##### Exercise materials #####
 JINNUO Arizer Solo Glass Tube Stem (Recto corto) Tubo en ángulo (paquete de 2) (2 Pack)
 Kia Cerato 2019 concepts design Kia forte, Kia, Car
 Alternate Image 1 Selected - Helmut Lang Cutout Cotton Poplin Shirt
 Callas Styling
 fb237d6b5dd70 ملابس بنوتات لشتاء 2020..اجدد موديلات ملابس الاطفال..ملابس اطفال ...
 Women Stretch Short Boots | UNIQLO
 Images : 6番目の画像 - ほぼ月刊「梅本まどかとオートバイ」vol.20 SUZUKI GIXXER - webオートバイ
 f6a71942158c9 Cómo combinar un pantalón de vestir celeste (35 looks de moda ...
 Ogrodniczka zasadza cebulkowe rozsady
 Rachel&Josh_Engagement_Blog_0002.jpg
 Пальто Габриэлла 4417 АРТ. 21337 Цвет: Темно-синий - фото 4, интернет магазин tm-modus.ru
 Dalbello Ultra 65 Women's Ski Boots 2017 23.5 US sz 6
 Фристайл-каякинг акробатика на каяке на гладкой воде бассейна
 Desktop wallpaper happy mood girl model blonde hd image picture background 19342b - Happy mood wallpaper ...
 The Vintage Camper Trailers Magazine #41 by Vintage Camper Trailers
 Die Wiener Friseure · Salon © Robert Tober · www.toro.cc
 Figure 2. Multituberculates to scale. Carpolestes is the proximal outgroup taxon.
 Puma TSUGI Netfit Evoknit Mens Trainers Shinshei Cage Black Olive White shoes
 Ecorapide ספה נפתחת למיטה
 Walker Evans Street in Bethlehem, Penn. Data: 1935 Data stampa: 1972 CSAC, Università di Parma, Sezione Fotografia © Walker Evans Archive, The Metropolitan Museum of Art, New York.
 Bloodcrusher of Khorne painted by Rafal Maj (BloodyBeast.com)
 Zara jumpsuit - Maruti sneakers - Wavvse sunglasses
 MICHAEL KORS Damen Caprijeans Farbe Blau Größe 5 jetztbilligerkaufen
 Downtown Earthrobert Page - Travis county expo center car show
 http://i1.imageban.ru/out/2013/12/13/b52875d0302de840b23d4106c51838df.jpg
#####
Task requirements |
Quote the lines of the listing above that run from the line with "Callas Styling" through its last line, both included, and nothing else.

Your solution |
 Callas Styling
 fb237d6b5dd70 ملابس بنوتات لشتاء 2020..اجدد موديلات ملابس الاطفال..ملابس اطفال ...
 Women Stretch Short Boots | UNIQLO
 Images : 6番目の画像 - ほぼ月刊「梅本まどかとオートバイ」vol.20 SUZUKI GIXXER - webオートバイ
 f6a71942158c9 Cómo combinar un pantalón de vestir celeste (35 looks de moda ...
 Ogrodniczka zasadza cebulkowe rozsady
 Rachel&Josh_Engagement_Blog_0002.jpg
 Пальто Габриэлла 4417 АРТ. 21337 Цвет: Темно-синий - фото 4, интернет магазин tm-modus.ru
 Dalbello Ultra 65 Women's Ski Boots 2017 23.5 US sz 6
 Фристайл-каякинг акробатика на каяке на гладкой воде бассейна
 Desktop wallpaper happy mood girl model blonde hd image picture background 19342b - Happy mood wallpaper ...
 The Vintage Camper Trailers Magazine #41 by Vintage Camper Trailers
 Die Wiener Friseure · Salon © Robert Tober · www.toro.cc
 Figure 2. Multituberculates to scale. Carpolestes is the proximal outgroup taxon.
 Puma TSUGI Netfit Evoknit Mens Trainers Shinshei Cage Black Olive White shoes
 Ecorapide ספה נפתחת למיטה
 Walker Evans Street in Bethlehem, Penn. Data: 1935 Data stampa: 1972 CSAC, Università di Parma, Sezione Fotografia © Walker Evans Archive, The Metropolitan Museum of Art, New York.
 Bloodcrusher of Khorne painted by Rafal Maj (BloodyBeast.com)
 Zara jumpsuit - Maruti sneakers - Wavvse sunglasses
 MICHAEL KORS Damen Caprijeans Farbe Blau Größe 5 jetztbilligerkaufen
 Downtown Earthrobert Page - Travis county expo center car show
 http://i1.imageban.ru/out/2013/12/13/b52875d0302de840b23d4106c51838df.jpg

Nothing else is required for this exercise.